Pemerintah Bakal Batasi Pembelian Pertalite dan Solar Mulai 1 April 2026

WARTABANJAR.COM, BANJARMASIN- Pemerintah memberlakukan pembatasan pembelian bahan bakar minyak atau BBM bersubsidi jenis Pertalite dan solar mulai Rabu (1/4/2026).

Kebijakan ini mengatur batas maksimal konsumsi BBM bagi kendaraan, khususnya roda empat, sesuai dengan Keputusan Kepala Badan Pengatur Hilir Minyak dan Gas Bumi (BPH Migas) Nomor 024/KOM/BPH.DBBM/2026 yang ditetapkan pada 30 Maret 2026.

Anggota Komite BPH Migas, Fathul Nugroho tidak membantah surat keputusan tersebut, hanya saja pihaknya belum memberikan penjelasan rinci.

Ia mengatakan pengumuman resmi dari Pemerintah akan dikeluarkan siang ini, Selasa (31/3/2026) atau besok.

Sementara itu, Direktur Jenderal Minyak dan Gas Bumi Kementerian ESDM, Laode Sulaeman dan Corporate Secretary Pertamina Patra Niaga, Roberth MV Dumatubun belum merespons pertanyaan yang dikirimkan lewat nomor selulernya.

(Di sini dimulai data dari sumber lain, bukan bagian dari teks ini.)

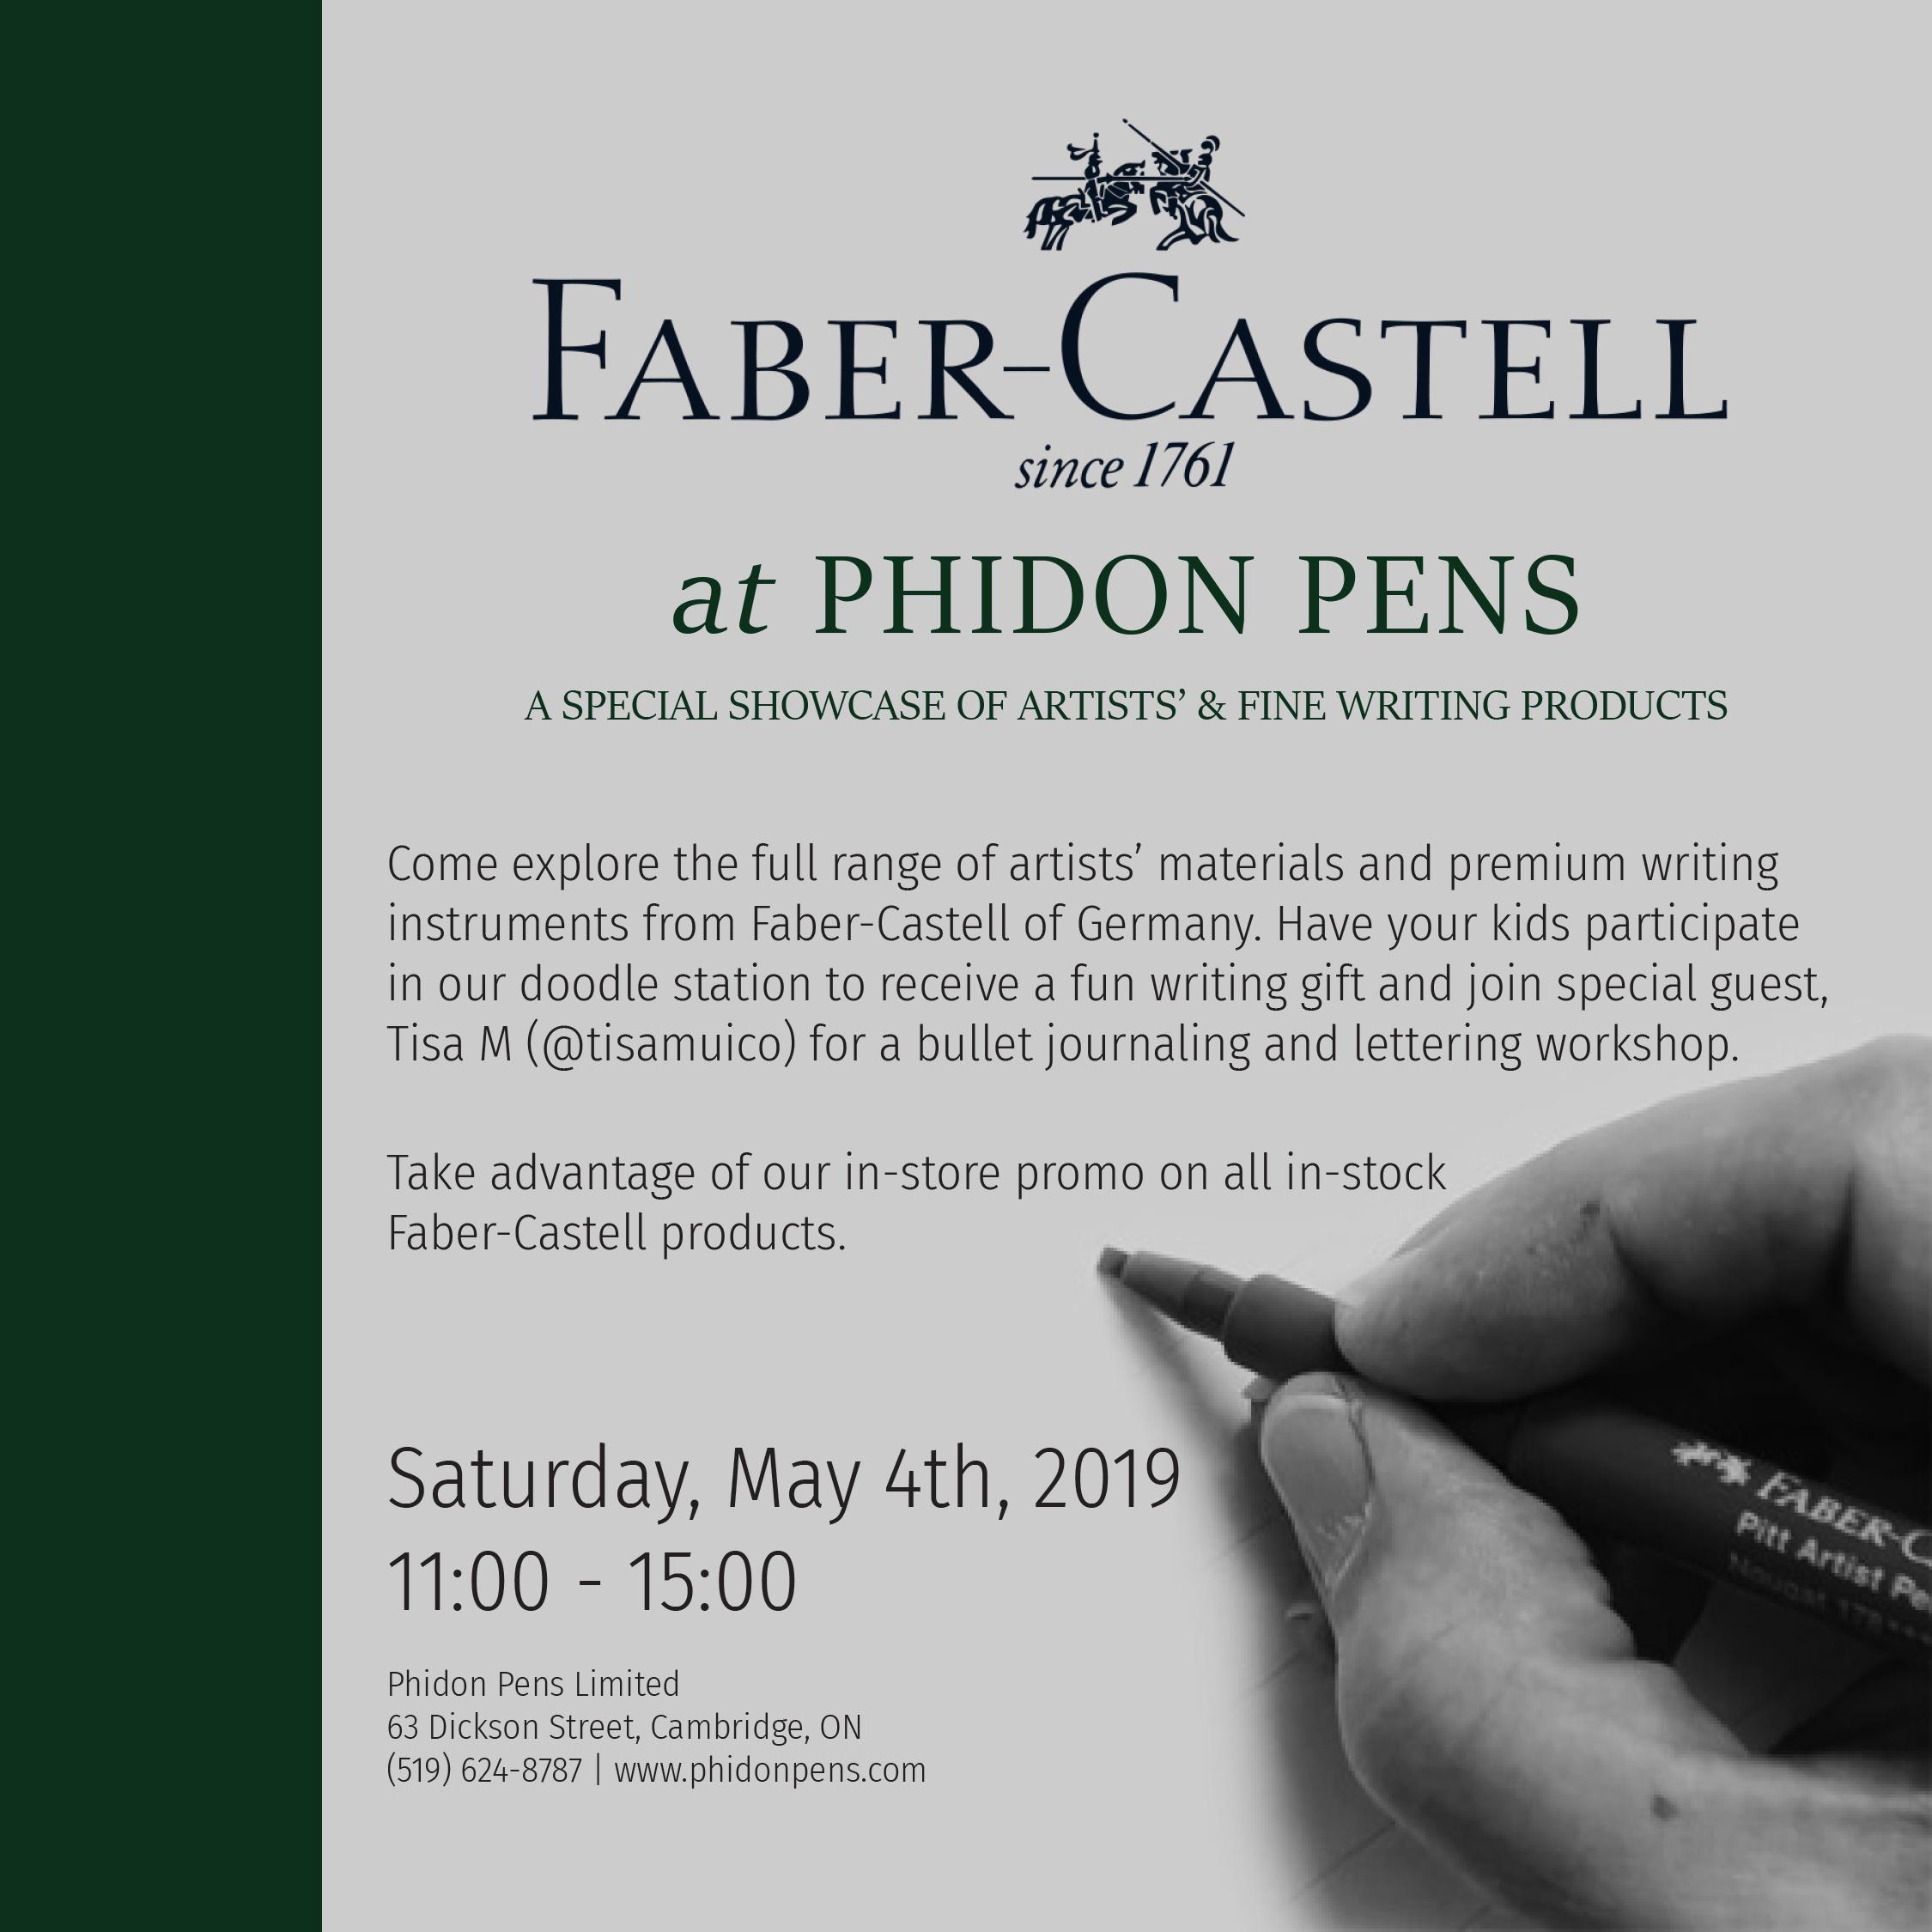 Faber Castell Event Poster-1.jpg

Dalam beleid SK BPH Migas tersebut, dijelaskan bahwa pemerintah menugaskan PT Pertamina (Persero) untuk mengendalikan penyaluran BBM subsidi kepada masyarakat, di antaranya adalah dengan menetapkan batas harian pembelian BBM per kendaraan.

Untuk Pertalite, kendaraan roda empat, baik milik pribadi maupun angkutan umum, hanya diperbolehkan mengisi maksimal 50 liter per hari.

Ketentuan ini juga berlaku bagi kendaraan layanan publik seperti ambulans, mobil jenazah, dan mobil pemadam kebakaran.

Sementara itu, pembatasan Solar dibedakan berdasarkan jenis kendaraan.

Kendaraan roda empat dibatasi hingga 50 liter per hari, sedangkan angkutan umum roda empat diperbolehkan hingga 80 liter per hari.

Untuk kendaraan roda enam atau lebih, batas maksimalnya mencapai 200 liter per hari.